Start of Information supplied
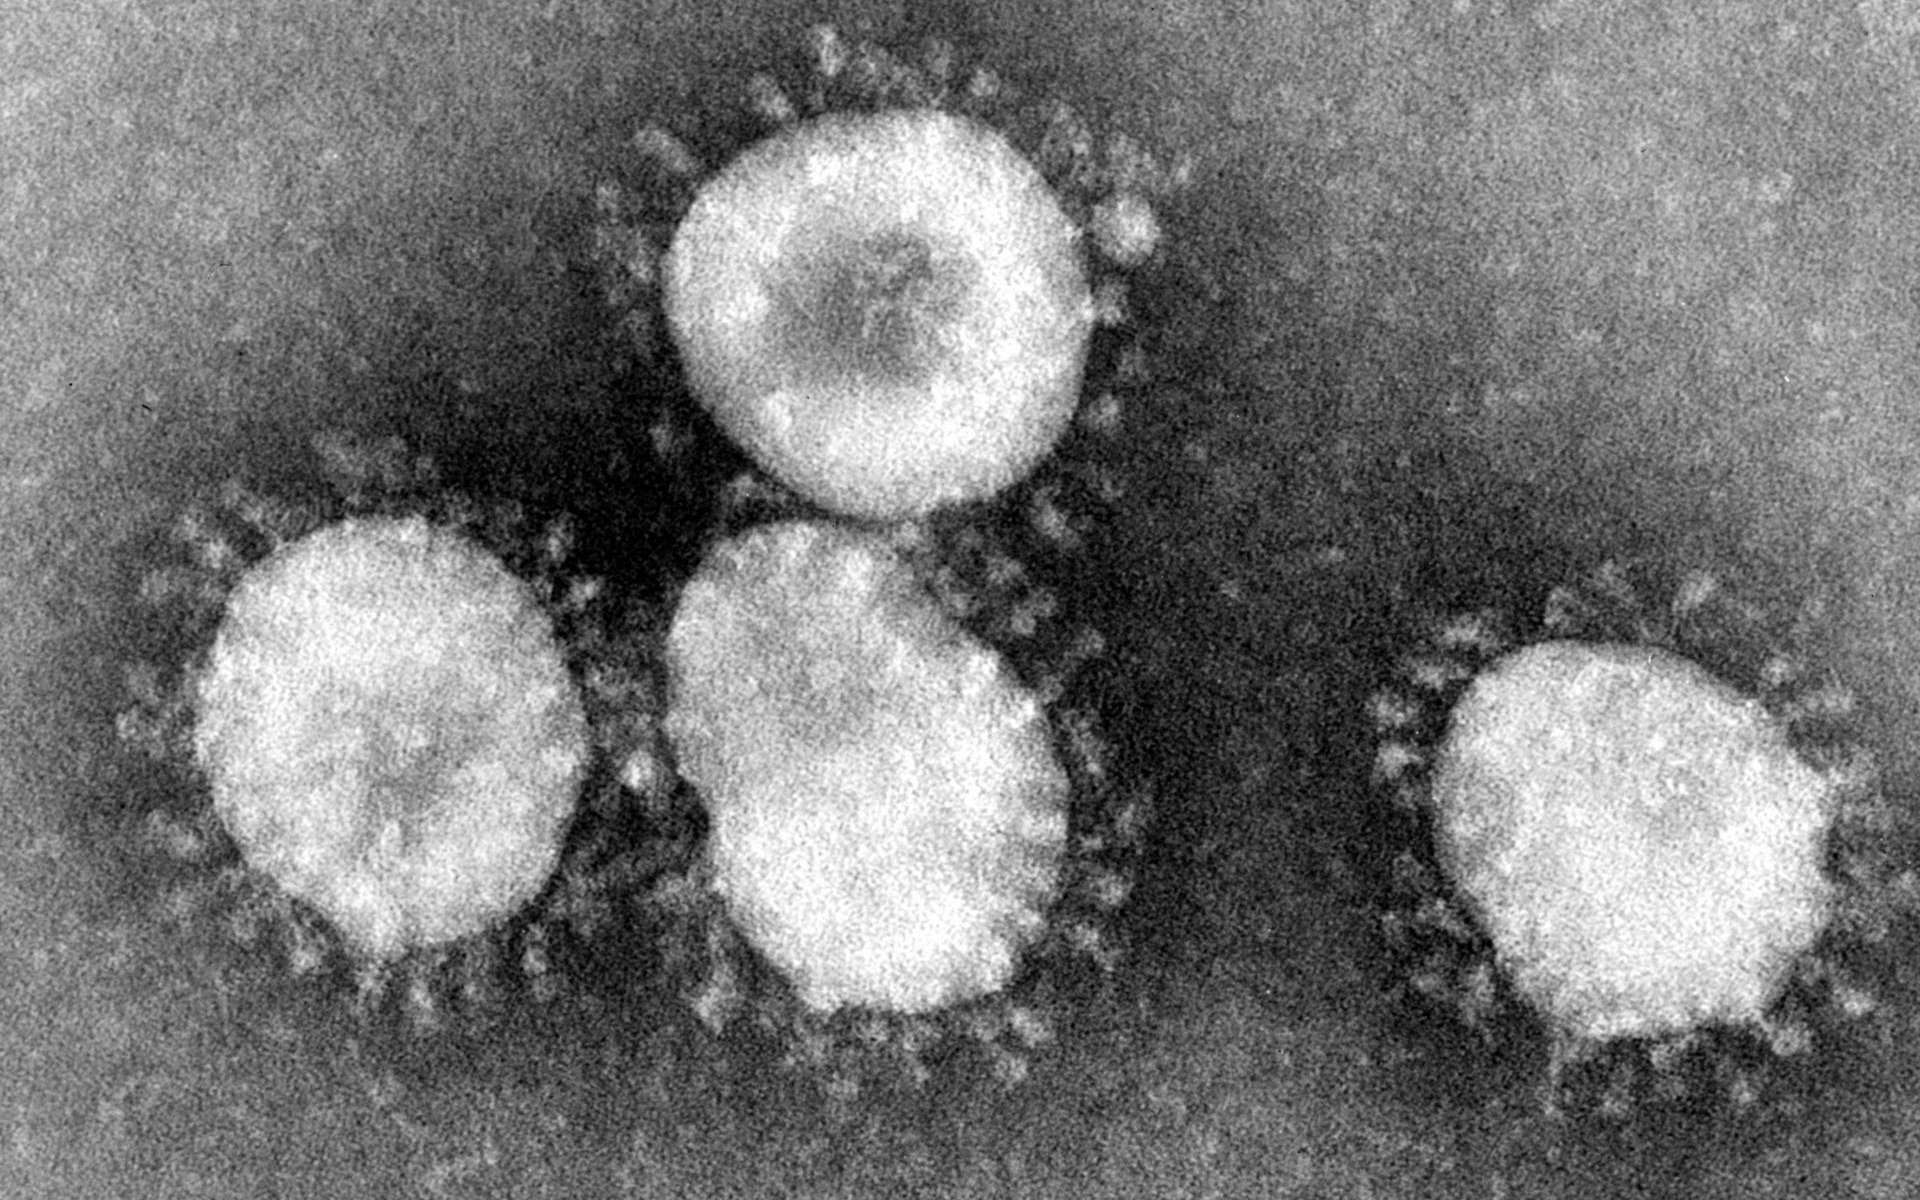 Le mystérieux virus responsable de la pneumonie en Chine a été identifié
End of Information supplied
Start of Information supplied
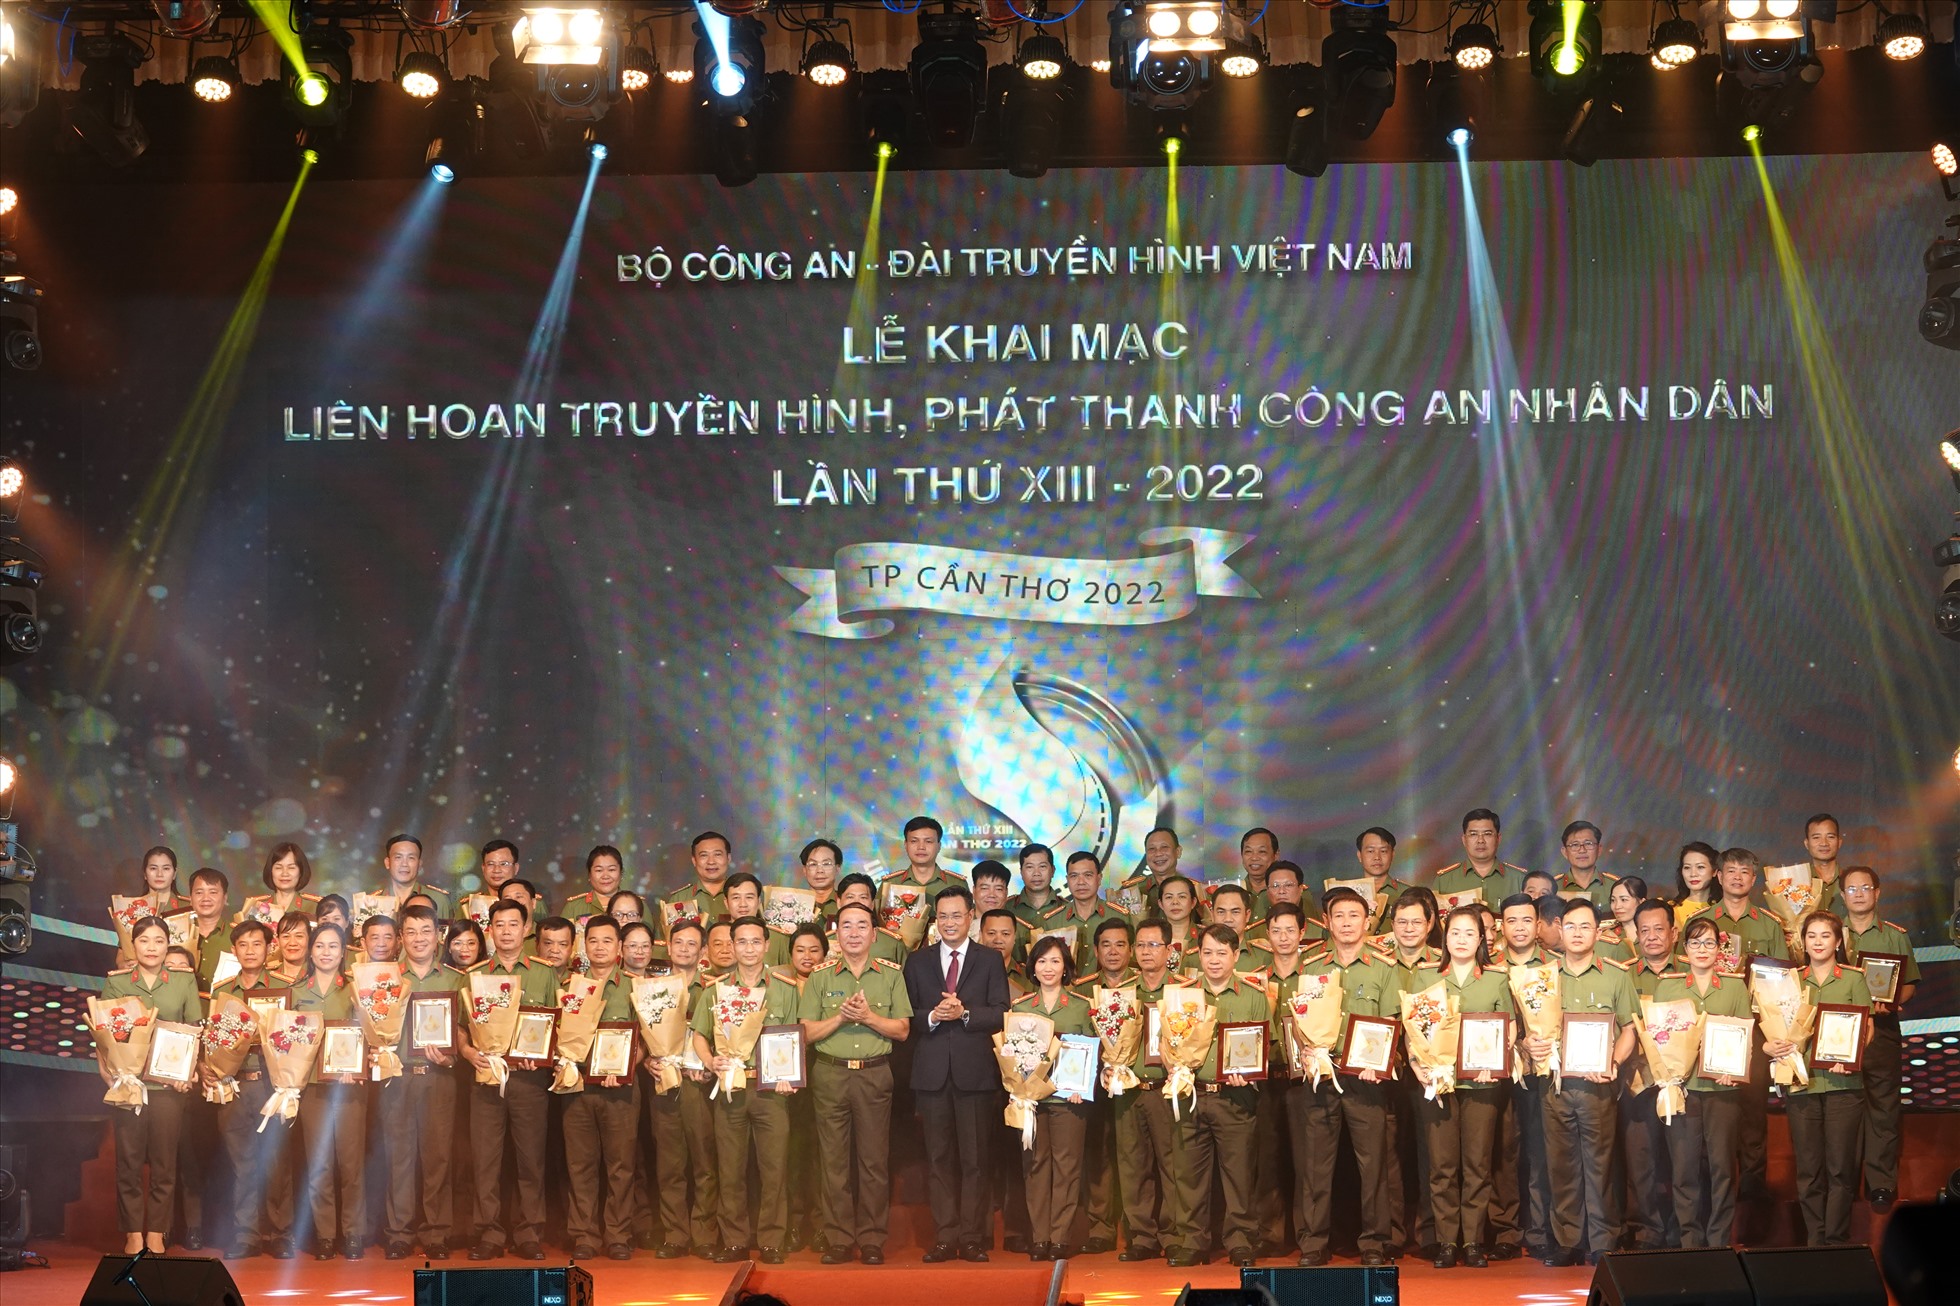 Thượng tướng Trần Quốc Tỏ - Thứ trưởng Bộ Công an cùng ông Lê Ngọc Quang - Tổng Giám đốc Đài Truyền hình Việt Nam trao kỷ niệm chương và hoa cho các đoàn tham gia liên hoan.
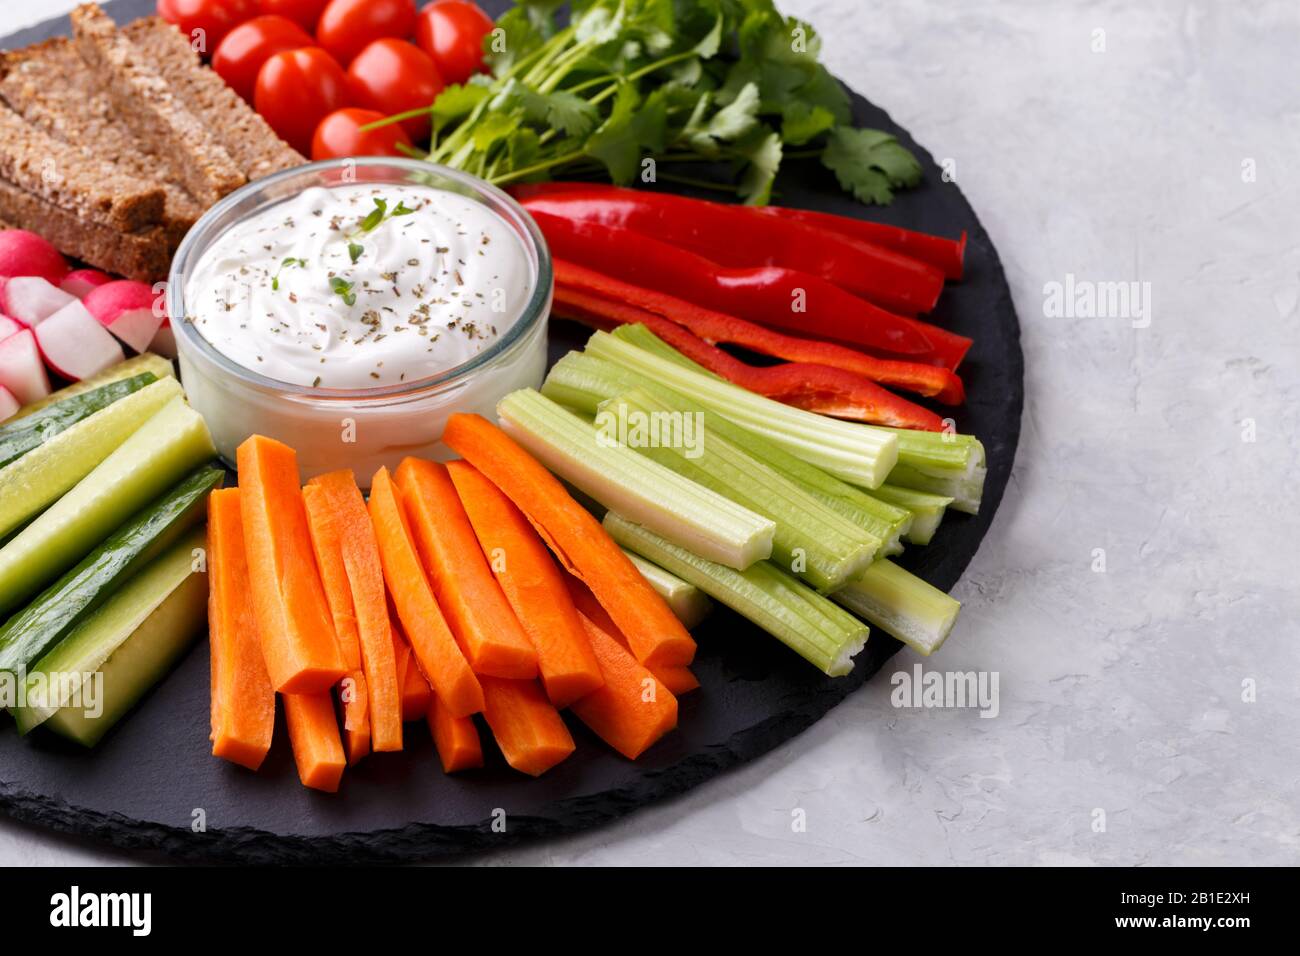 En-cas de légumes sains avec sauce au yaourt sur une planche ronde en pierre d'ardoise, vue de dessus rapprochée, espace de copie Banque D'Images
End of Information supplied
Start of Information supplied
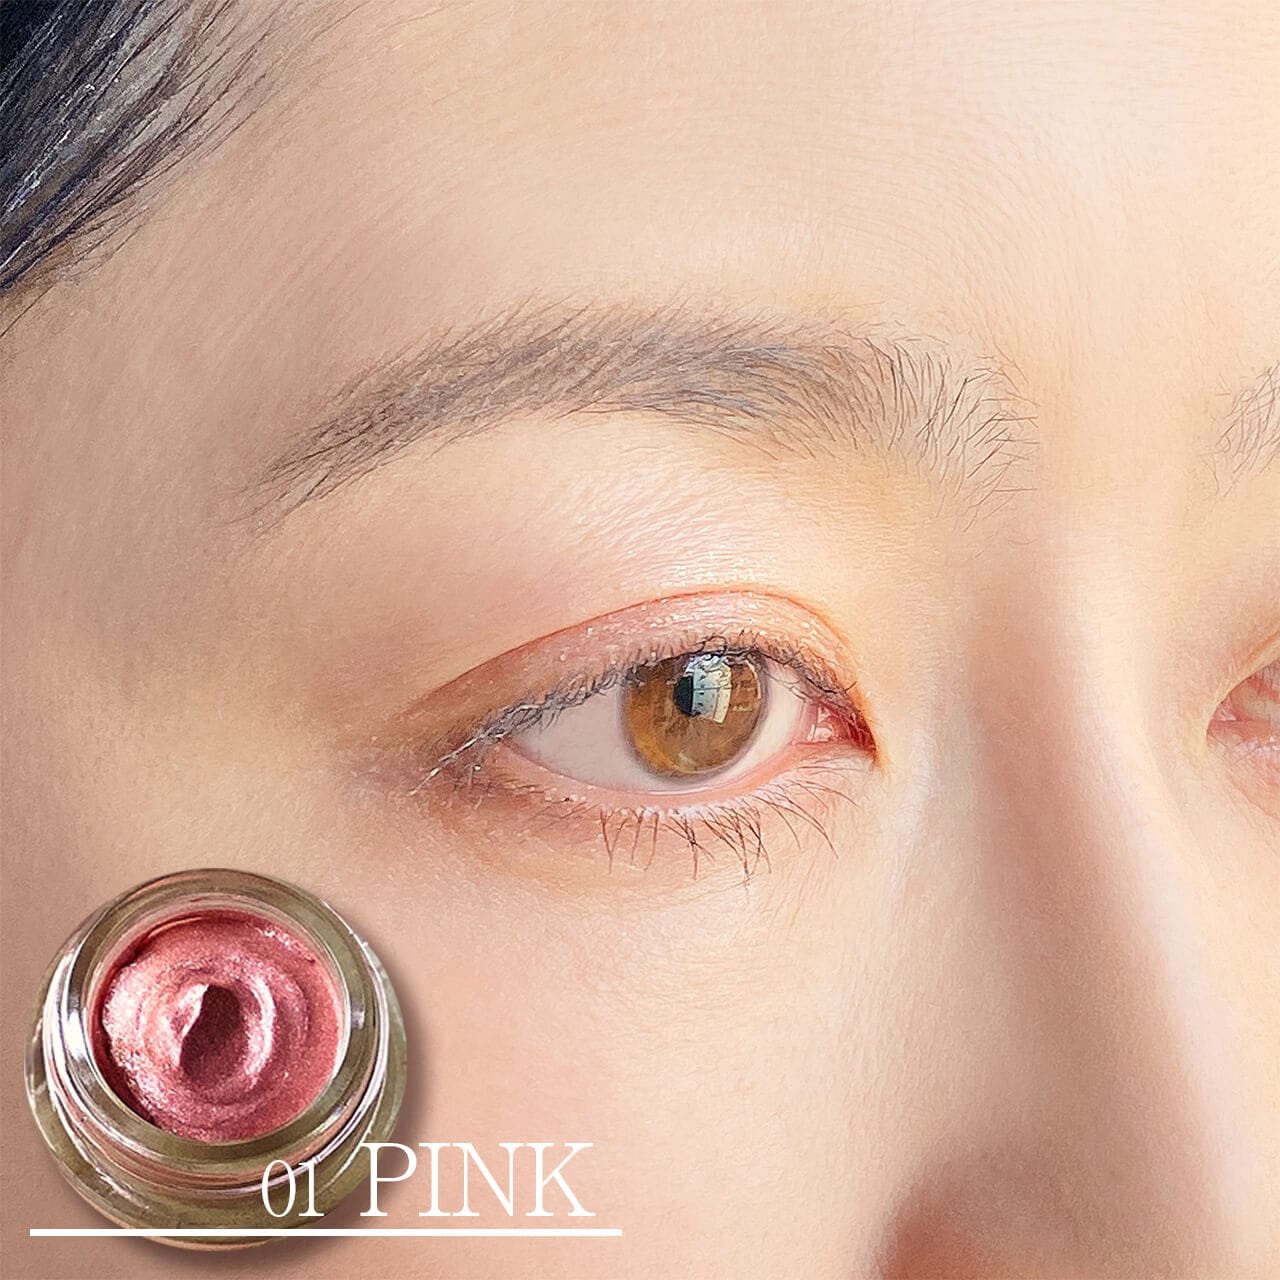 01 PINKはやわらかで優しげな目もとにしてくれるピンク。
End of Information supplied
Each line from the one that contains "Thượng tướng Trần" down to the one that contains "En-cas de légumes" is to be returned exactly as it stands above, both ends included, with pictures removed.

▶ [Completed exercise]
 Thượng tướng Trần Quốc Tỏ - Thứ trưởng Bộ Công an cùng ông Lê Ngọc Quang - Tổng Giám đốc Đài Truyền hình Việt Nam trao kỷ niệm chương và hoa cho các đoàn tham gia liên hoan.
 En-cas de légumes sains avec sauce au yaourt sur une planche ronde en pierre d'ardoise, vue de dessus rapprochée, espace de copie Banque D'Images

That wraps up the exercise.